I have long thought that archaic US rules that govern lawyers serve as a barrier to legal innovation such as new law firm business models or the adoption of time-saving and quality-improving technology. 

The recent LegalZoom case, publicized elsewhere, about allegations of unauthorized practice of law, illustrates the problem. In my opinion many ethics rules are irrational because they are based on suppositions, not on evidence. In the LegalZoom case, as I read it, the concern was based on a theory of possible or potential harm. Moreover, the regulators appeared not to weigh potential benefit versus potential harm.

Today, the New York Law Journal provides another illustration of irrational rules. The good news here is that a US Federal Court found a rule to be unconstitutional. Out-of-State Attorney Office Rule Found Unconstitutional (9 Sep 2011) explains why a federal judge found the requirement that a NY licensed lawyer living out of state maintain an office in-state.

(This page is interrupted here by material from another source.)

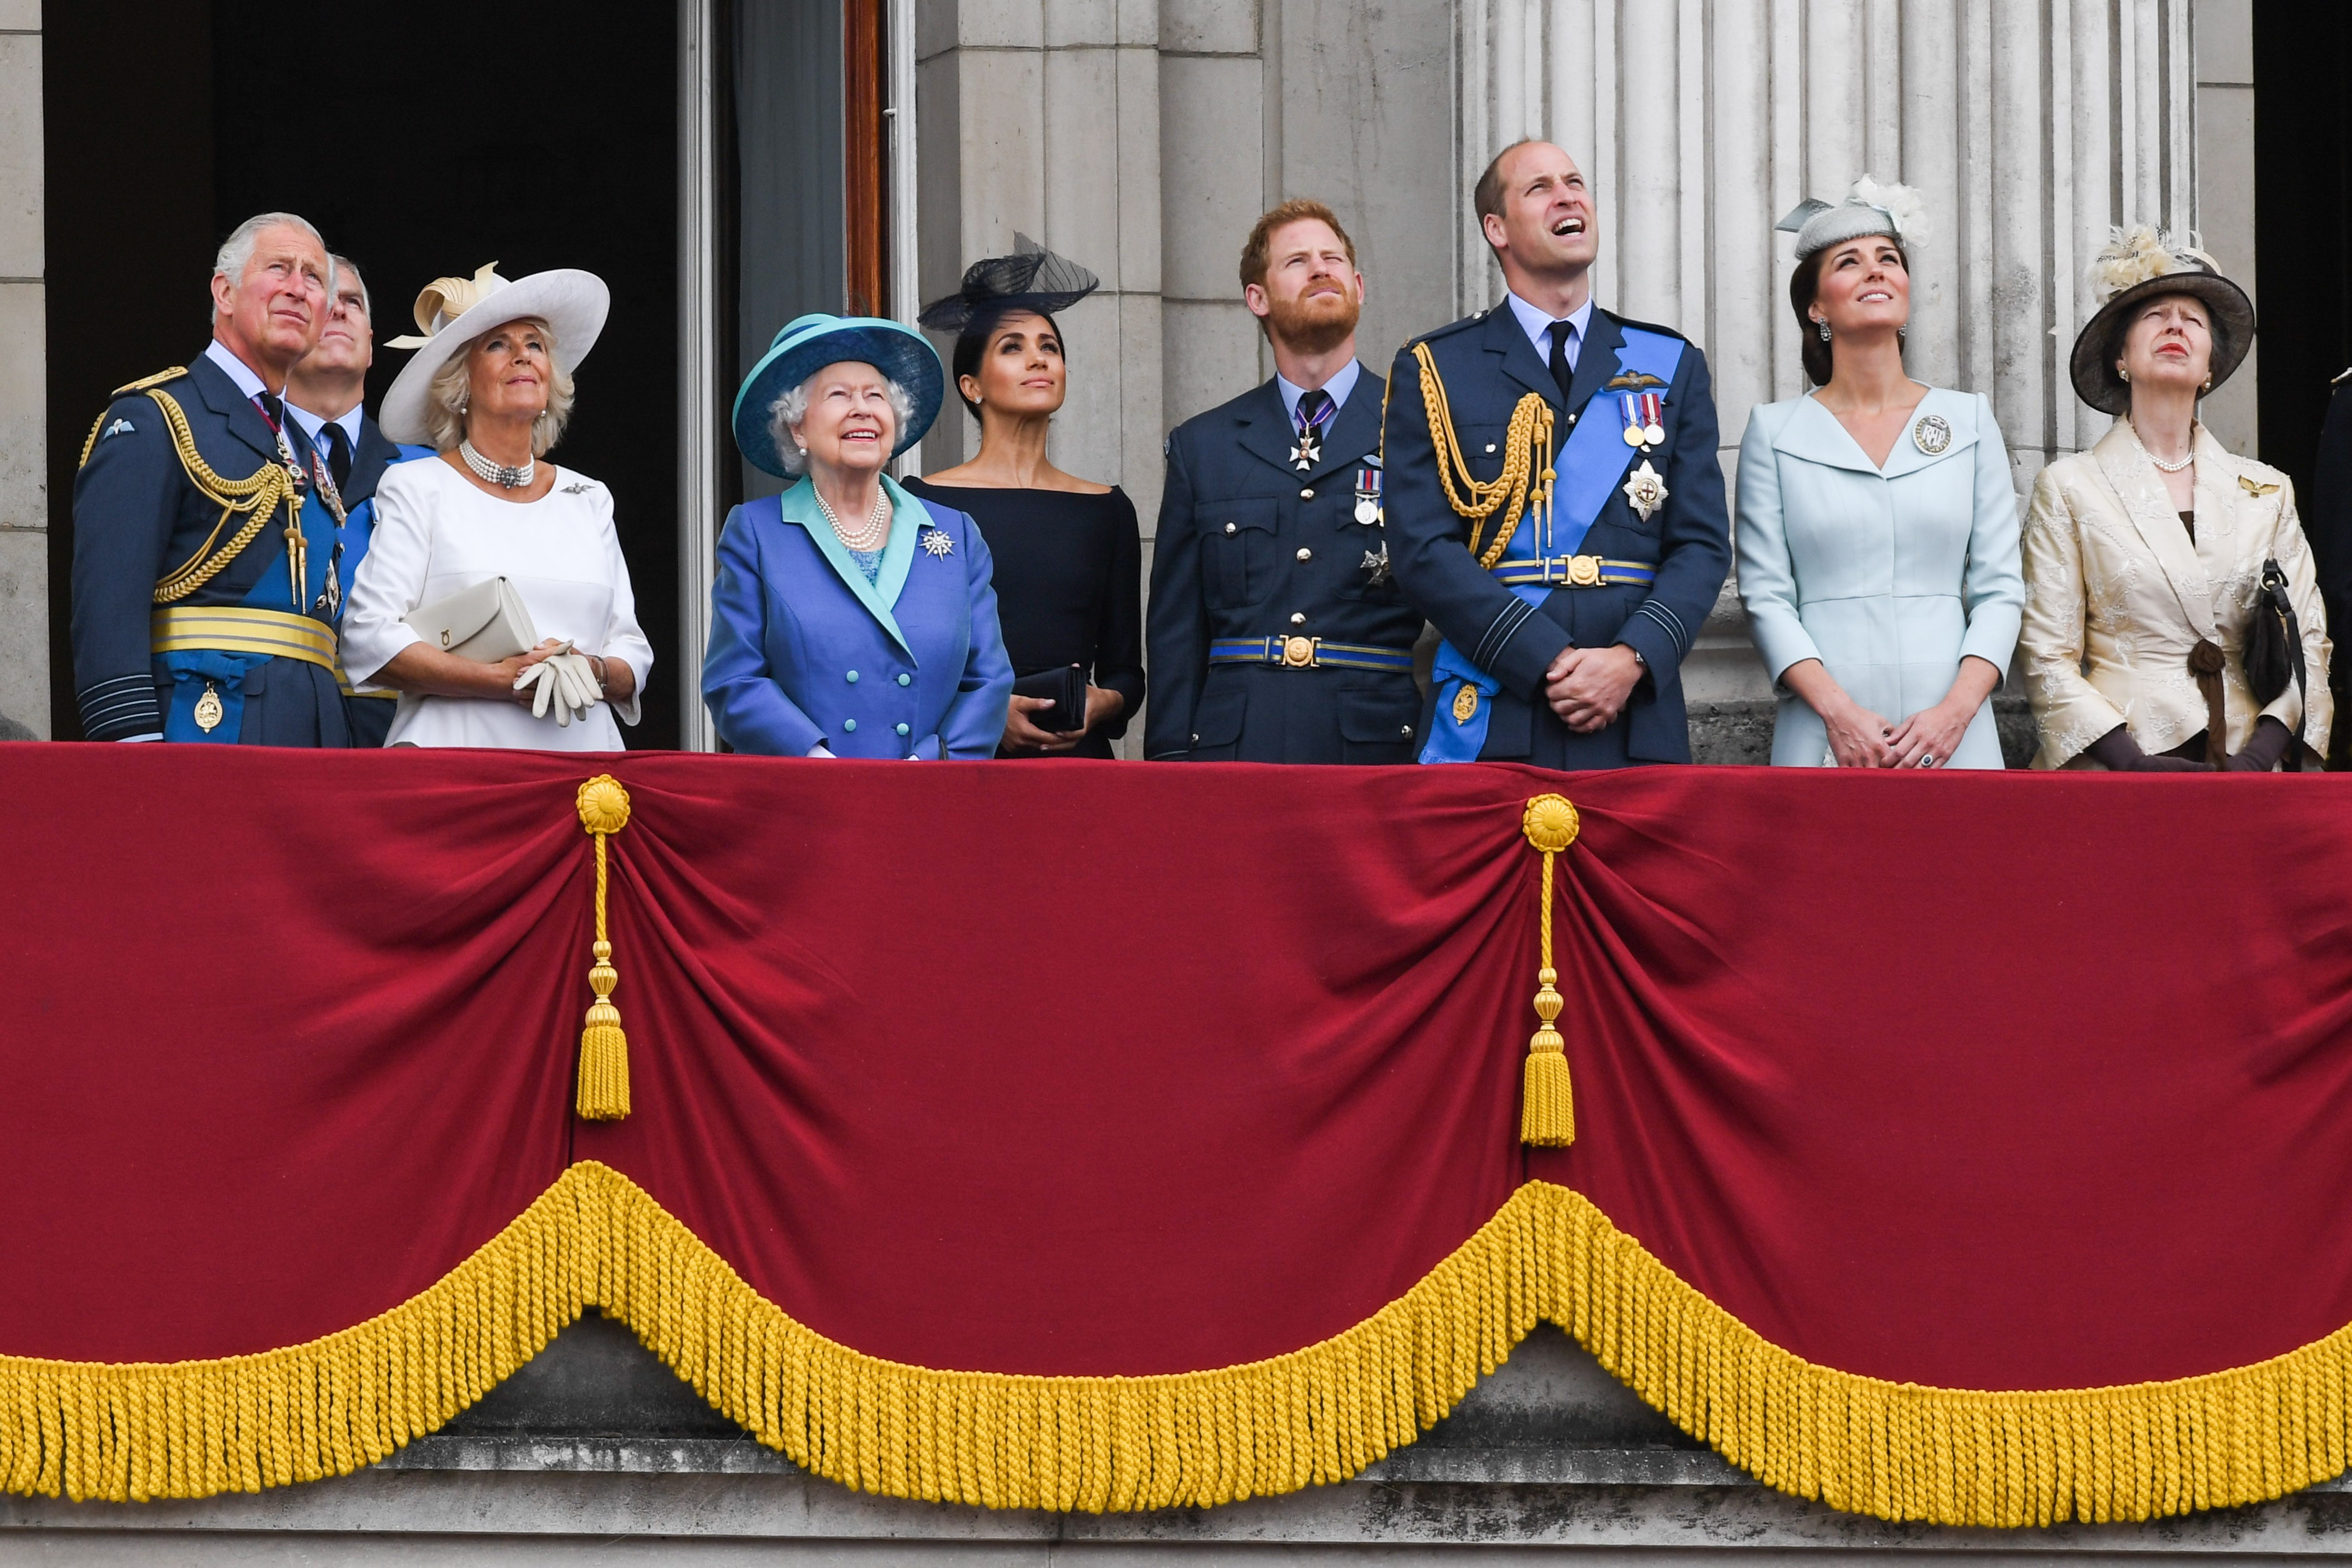 A rainha Elizabeth II na companhia do príncipe Charles, do príncipe William, da duquesa Kate Middleton, do príncipe Harry e da duquesa Meghan Markle e de outros membros da família real britânica em um evento da realeza (Foto: Getty Images)

The legal reasoning here is necessarily is narrow but the factual analysis is noteworthy: the judge considered how the real world works:

“Judge Kahn said it is illogical to believe that convenience to legal clients plays a part in New York’s rules about where lawyers are situated. An attorney based in northern New Jersey, for instance, is much better able to service a client in downstate New York than is an attorney based in Syracuse or Buffalo, he said.”

Law firm managers and CIOs must stay attuned to the shifting regulatory landscape. Legal de-regulation in the UK, about to get underway, may well have an impact in the US. As regulators, legislators, or judges apply reason and fact, long-standing rules may well fall. When that happens, it creates opportunities for alternative providers to deliver legal services in new ways. And smart large law firms can also take advantage of future rules changes.